- **Task to carry out**: Return every line of the data below exactly, but do not include the images.

┌─ Exercise data

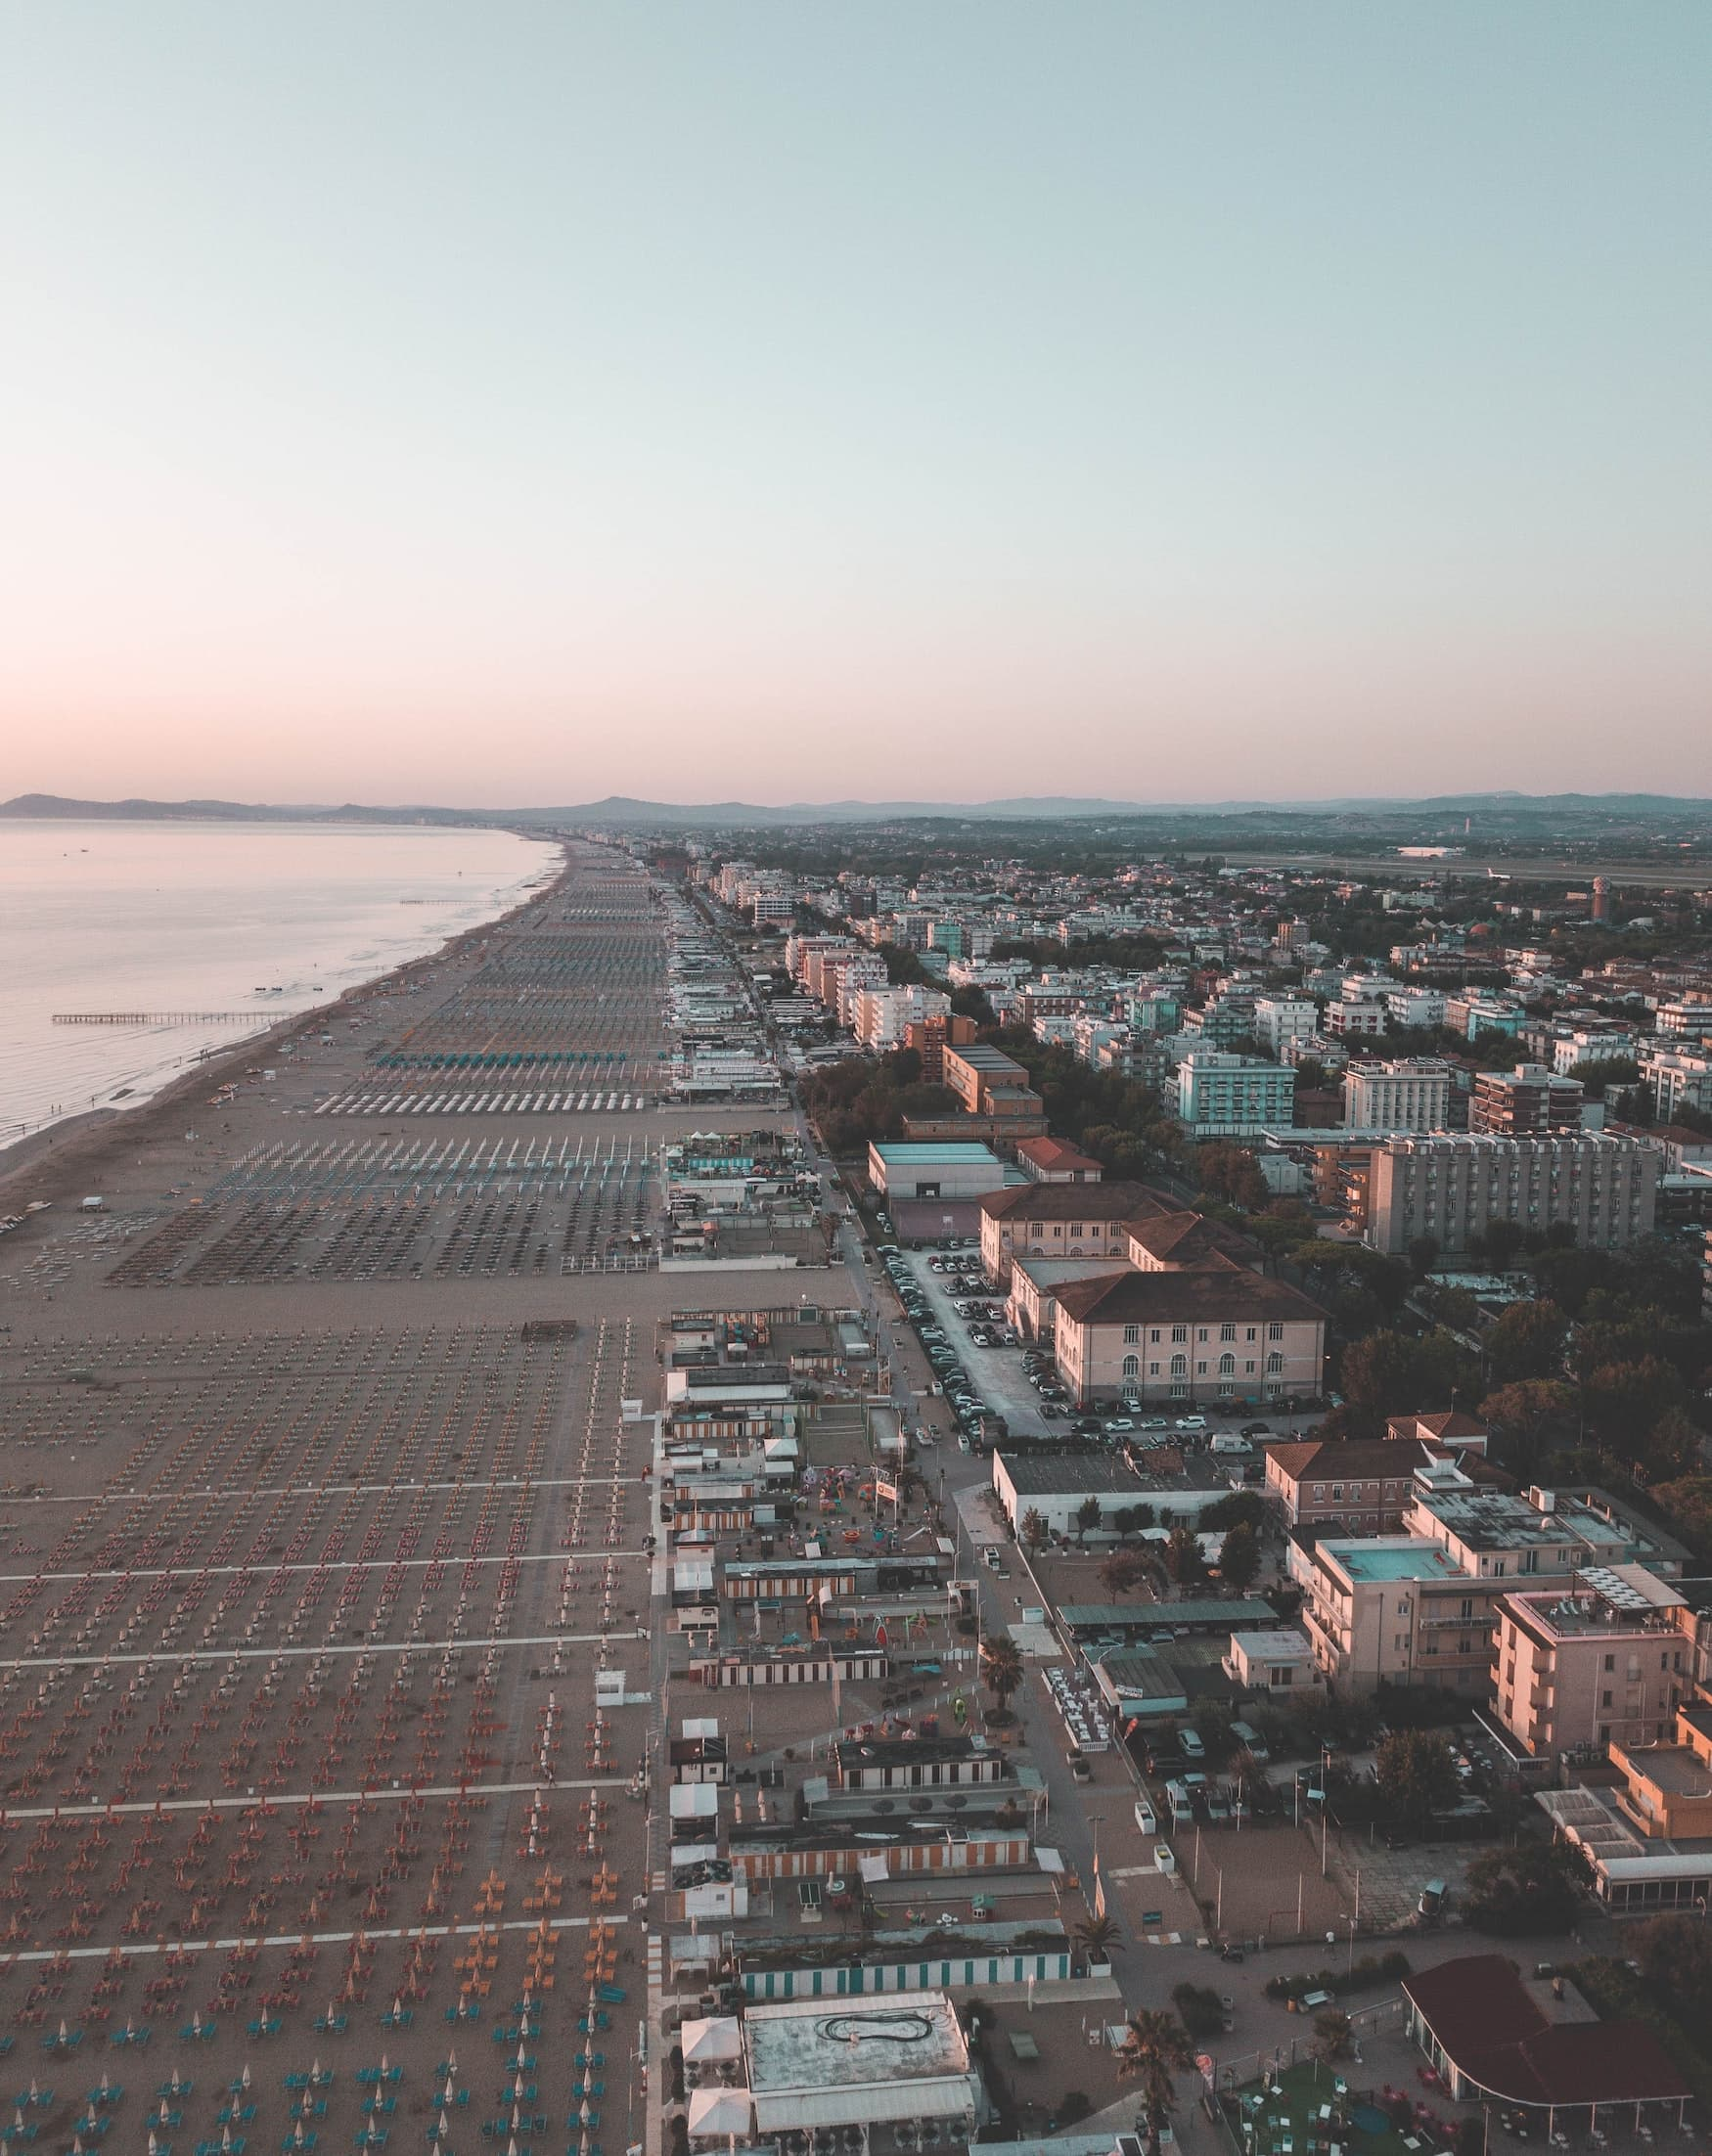 Sonnenuntergang über dem Strand von Rimini
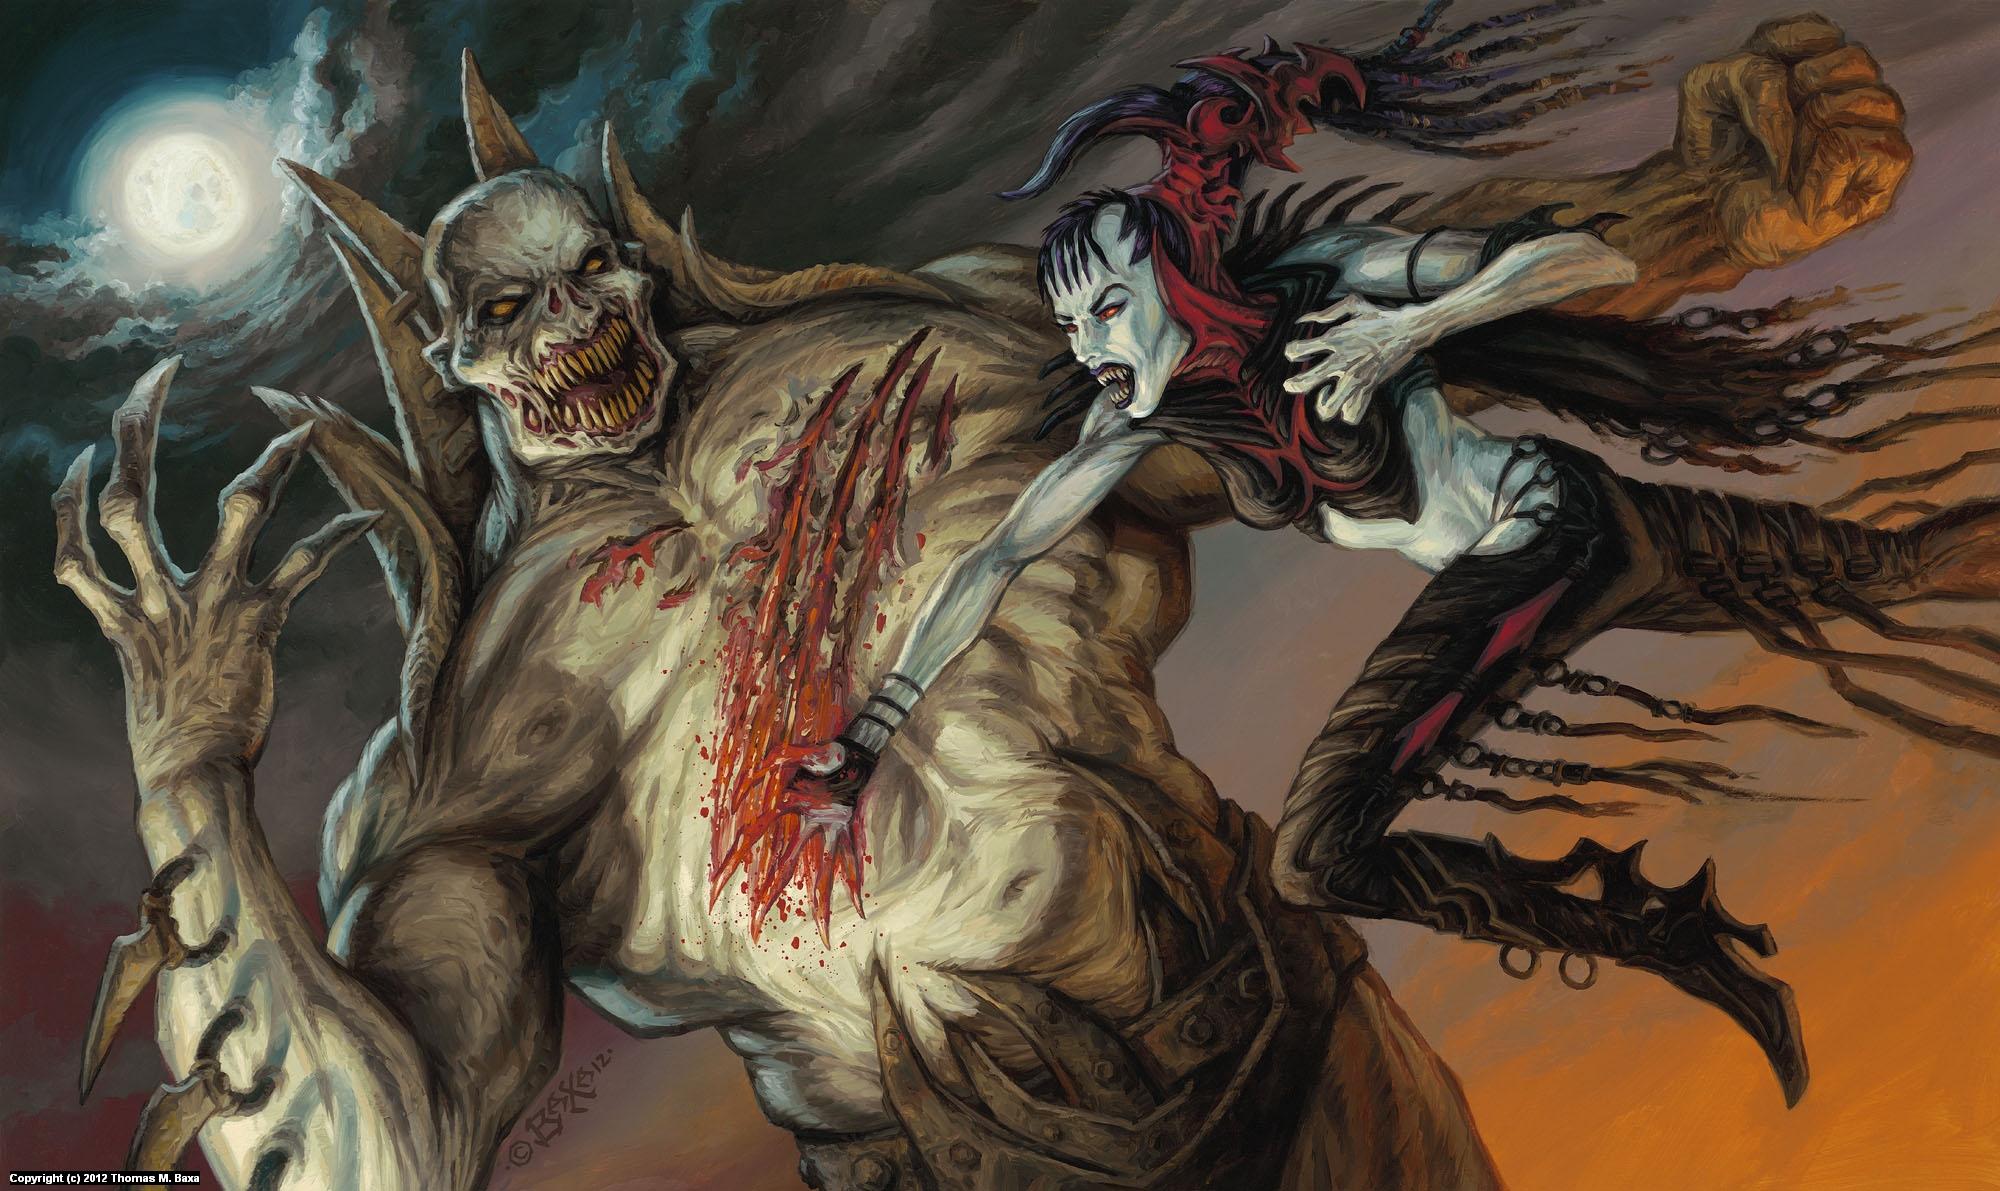 Nosferatu vs. Zombie Lord Artwork by Thomas Baxa
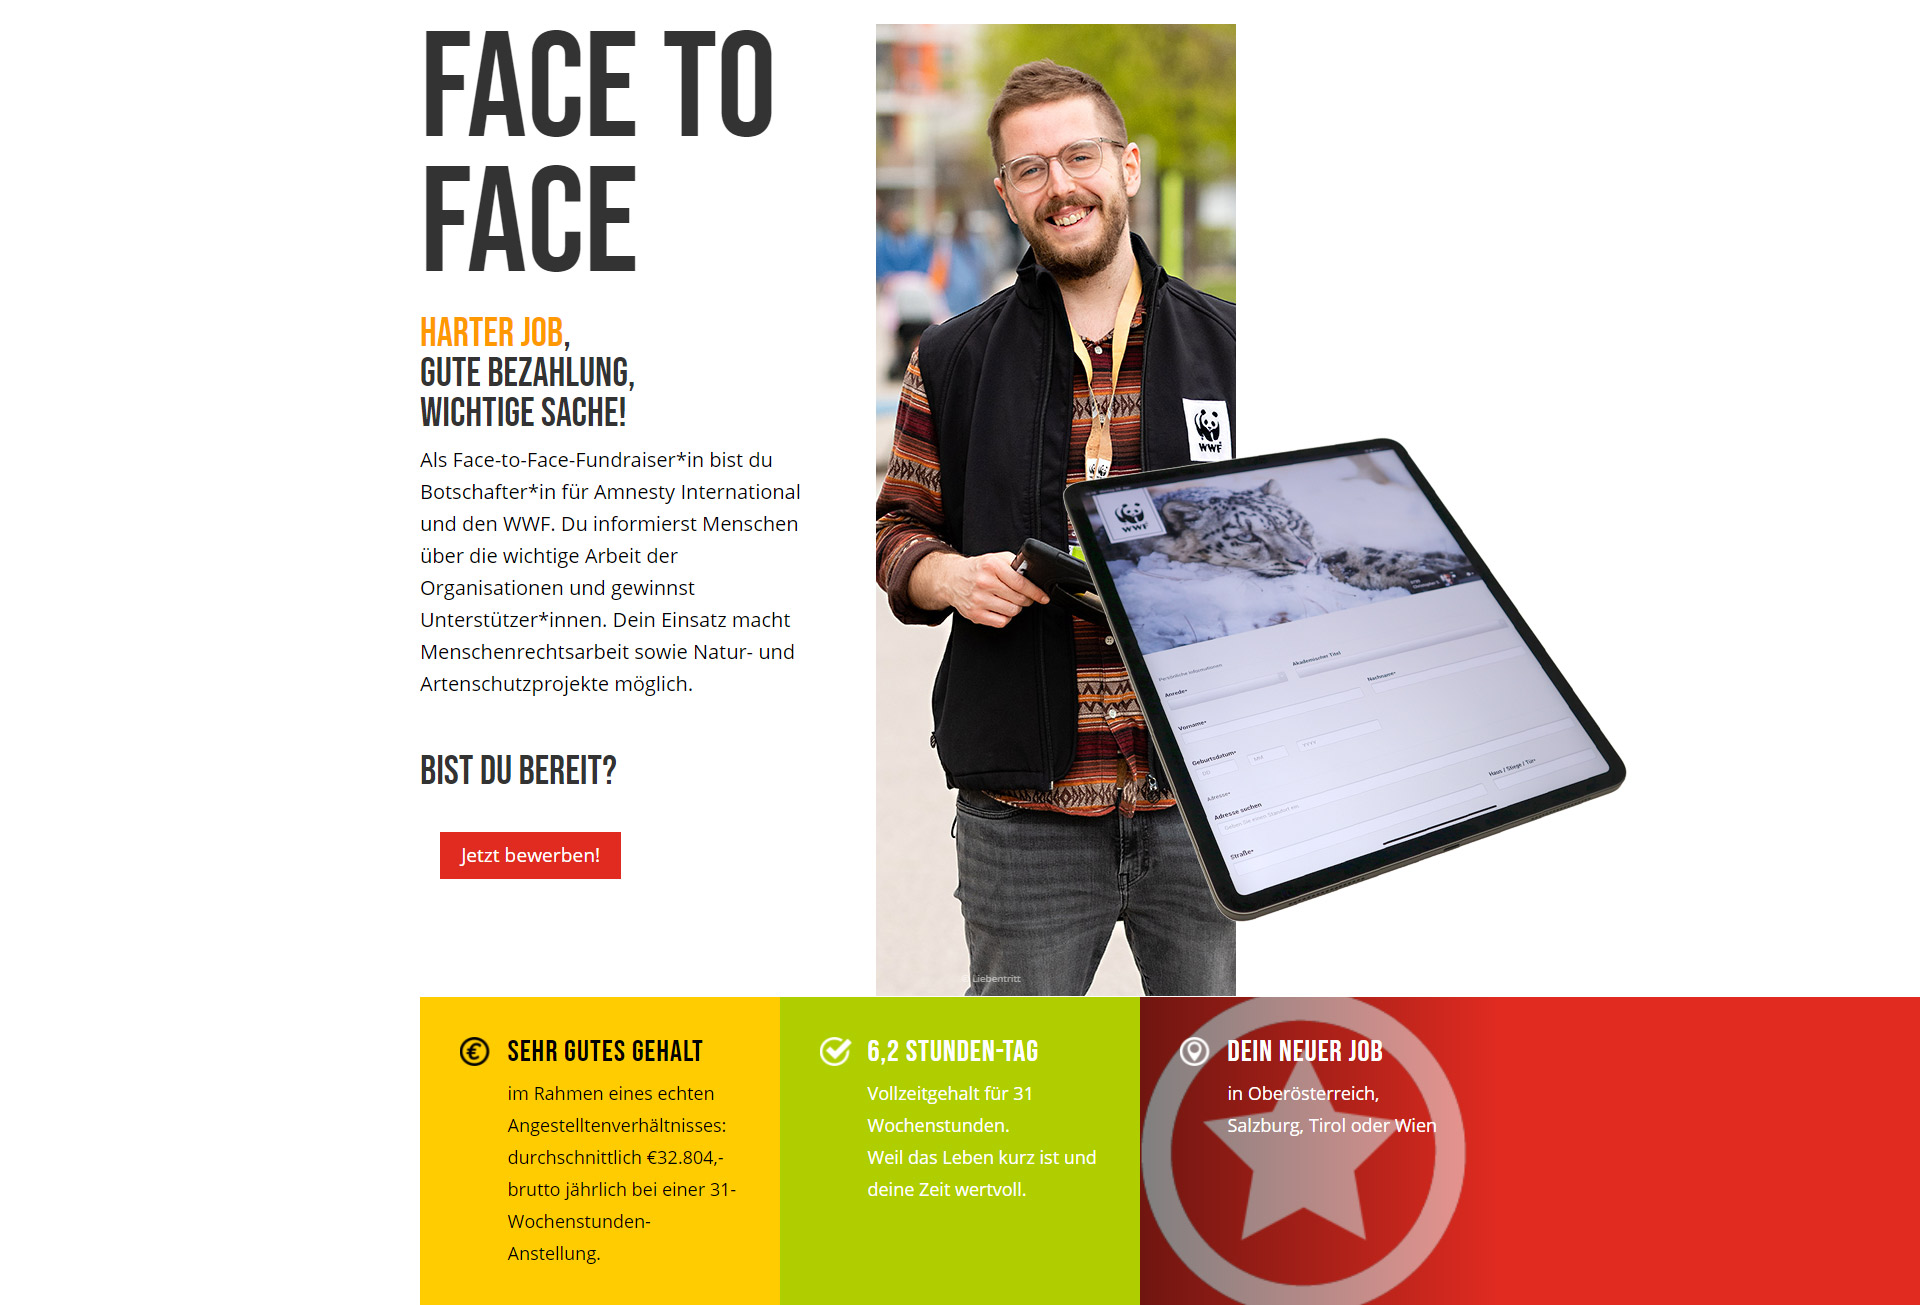 relaunch-aiwwf-iservice-agentur-wien-website-face-to-face

└─

- **Answer box**:
 Sonnenuntergang über dem Strand von Rimini
 Nosferatu vs. Zombie Lord Artwork by Thomas Baxa
 relaunch-aiwwf-iservice-agentur-wien-website-face-to-face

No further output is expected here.